BERLIN-Investment in European real estate should rise another 15% this year after it soared 35% in 2010 to reach $132 billion, according to realtor CB Richard Ellis. In a new report it predicts that Germany, Nordics and central and eastern Europe will be of particular interest - and pinpoints Greece, Spain and Portugal as countries where stretched government finances will significantly impair interest.
“Sovereign debt risks, volatile bond markets and fiscal austerity will be potent influences on Europe’s economic weather in 2011, with clear potential for squalls and storms to affect the progress of recovery,” said Peter Damesick, a chief economist for CBRE. European retail is identified as an attractive sector, as investors search for prime stock in core European countries. This trend has been prominent over the past two years and looks set to continue at the expense of office. Large regional shopping centres will be a major focus.
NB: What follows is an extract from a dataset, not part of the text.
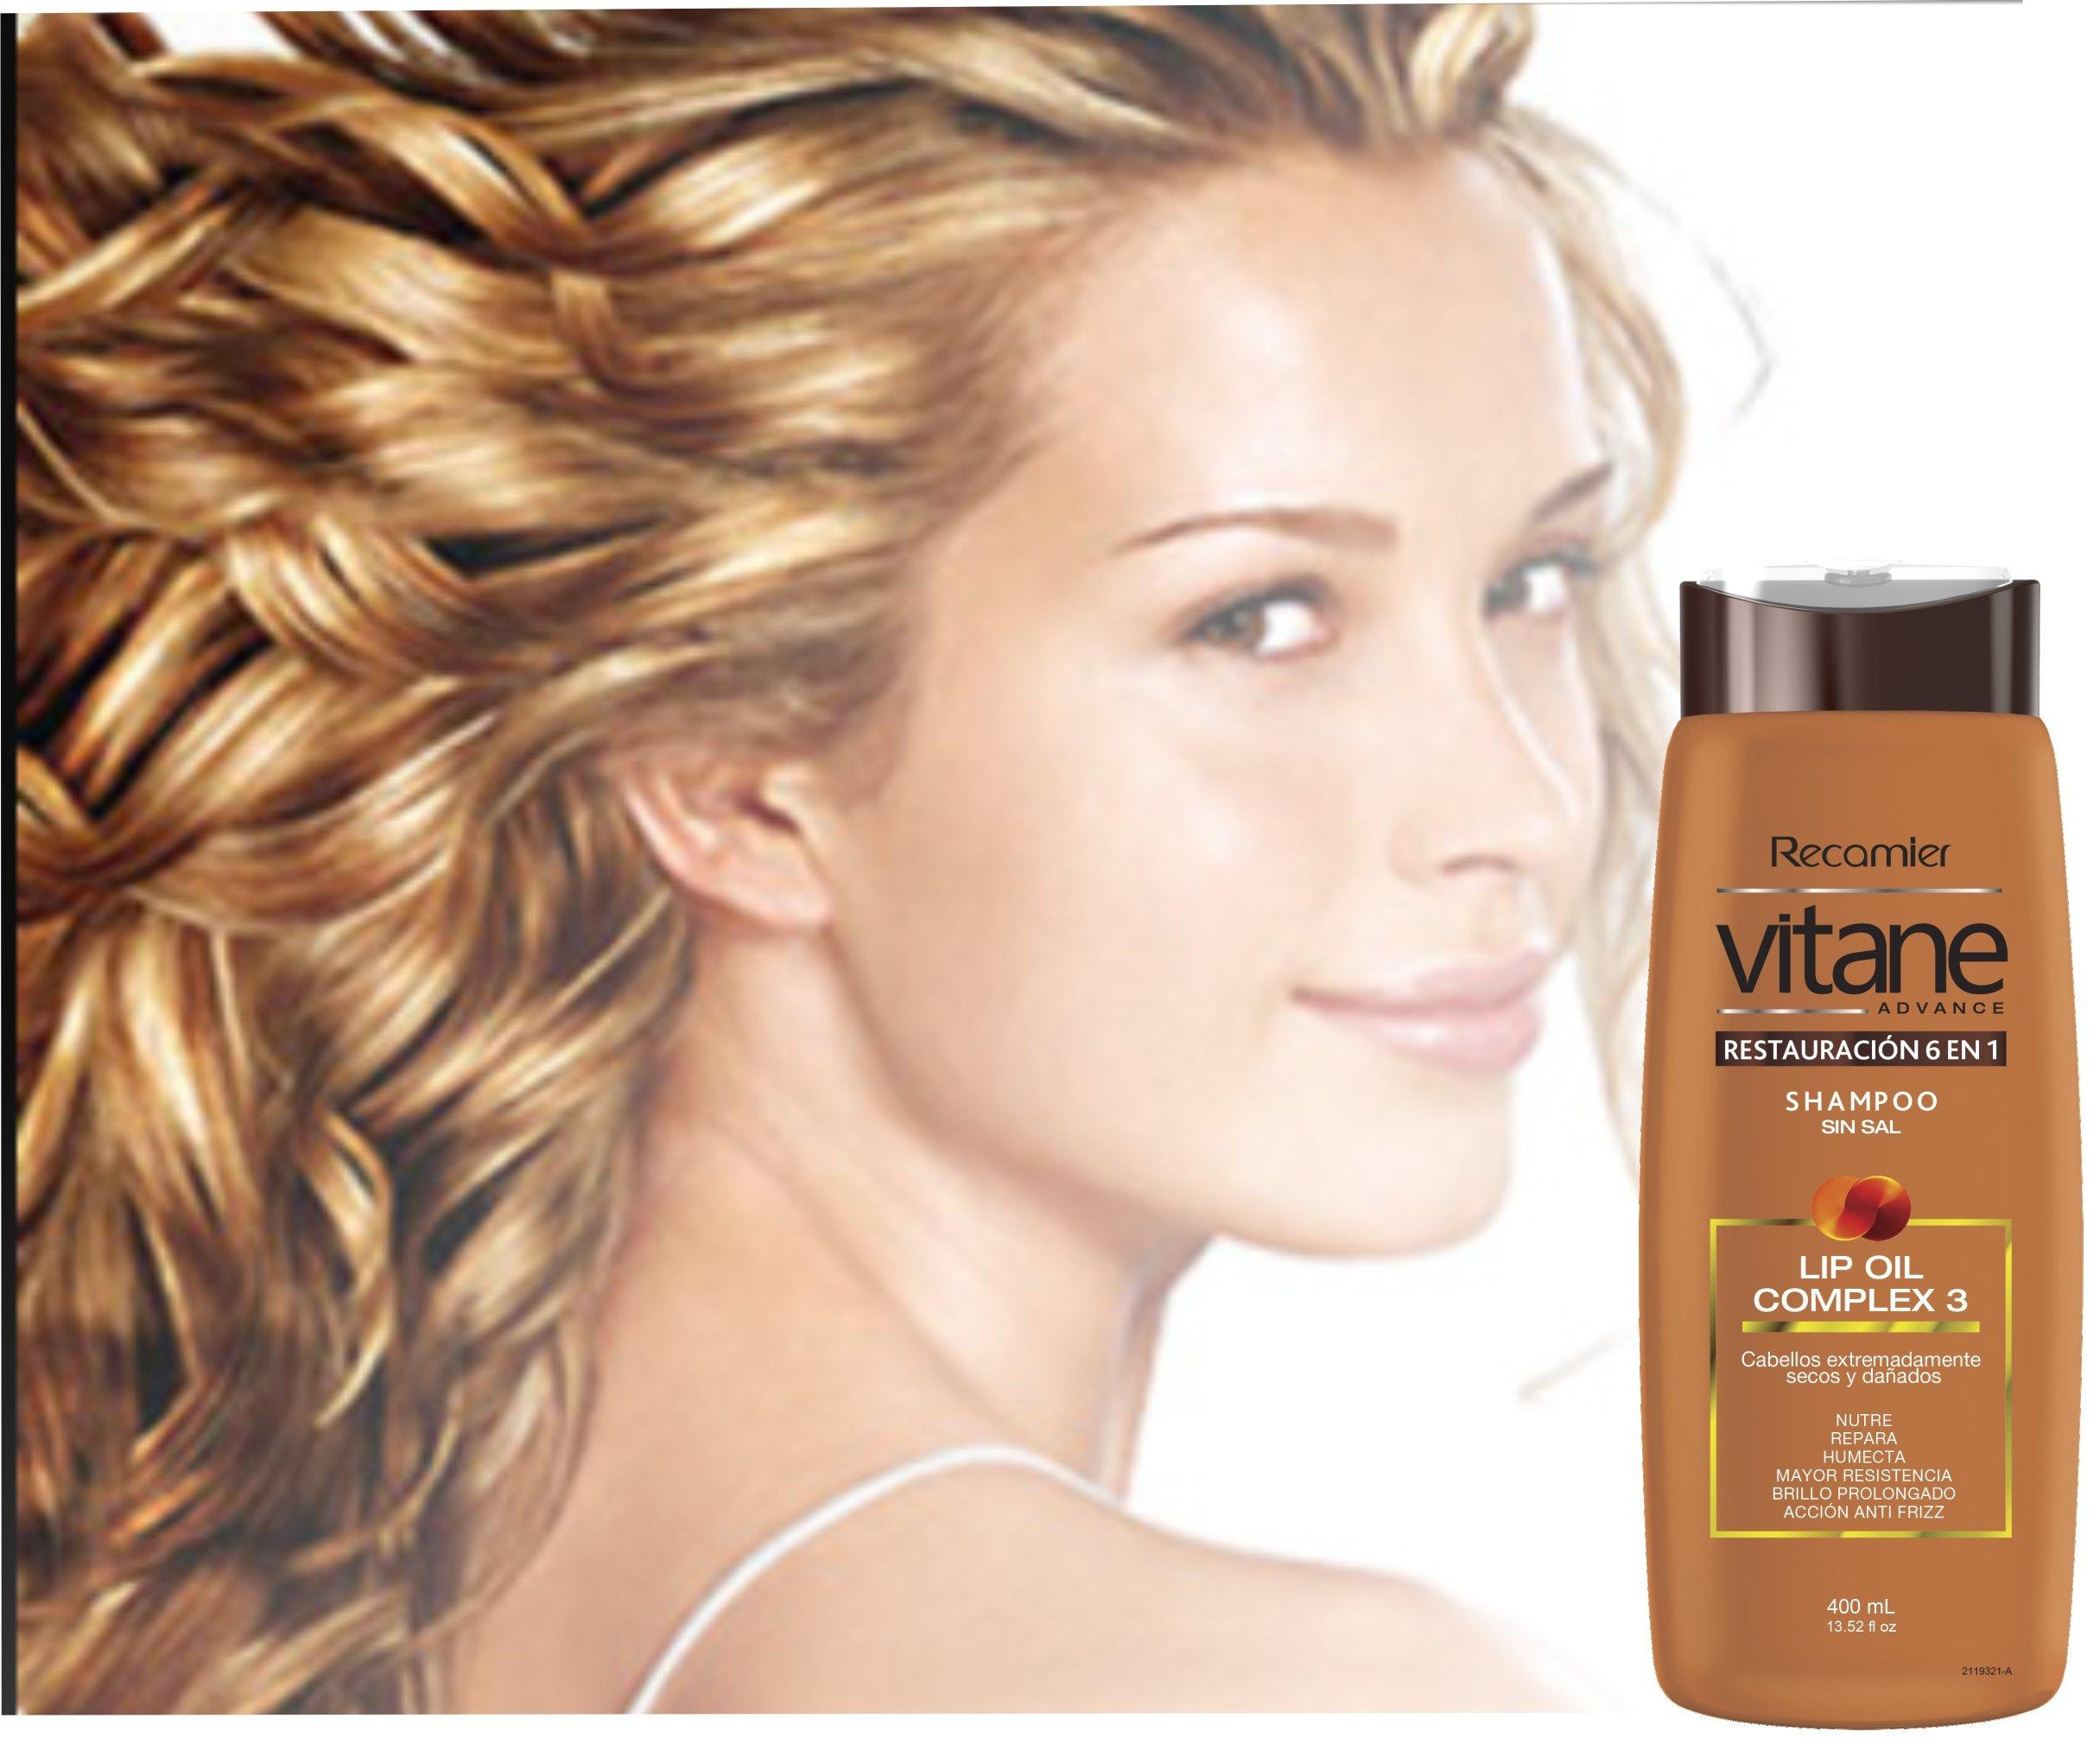 Vitane - shampoo restauracion 6 en 1, sin sal, cabellos super secos. /

Purchasing in the past 12 months has been powered by domestic investors. However, cross-border investment will rise in 2011, with sovereign wealth and state pension funds likely replacing US opportunity fund demand. Michael Haddock, CBRE Director of EMEA Research, commented: “There is no shortage of capital targeting the European real estate market but it remains predominantly risk-averse and strongly focused on security of income. Moreover, there is no obvious catalyst for a recovery in the secondary market. The focus of activity in 2011 will be firmly on the prime end.”
Allan Saunderson is a managing editor of Property Investor Europe and a contributor to GlobeSt.com.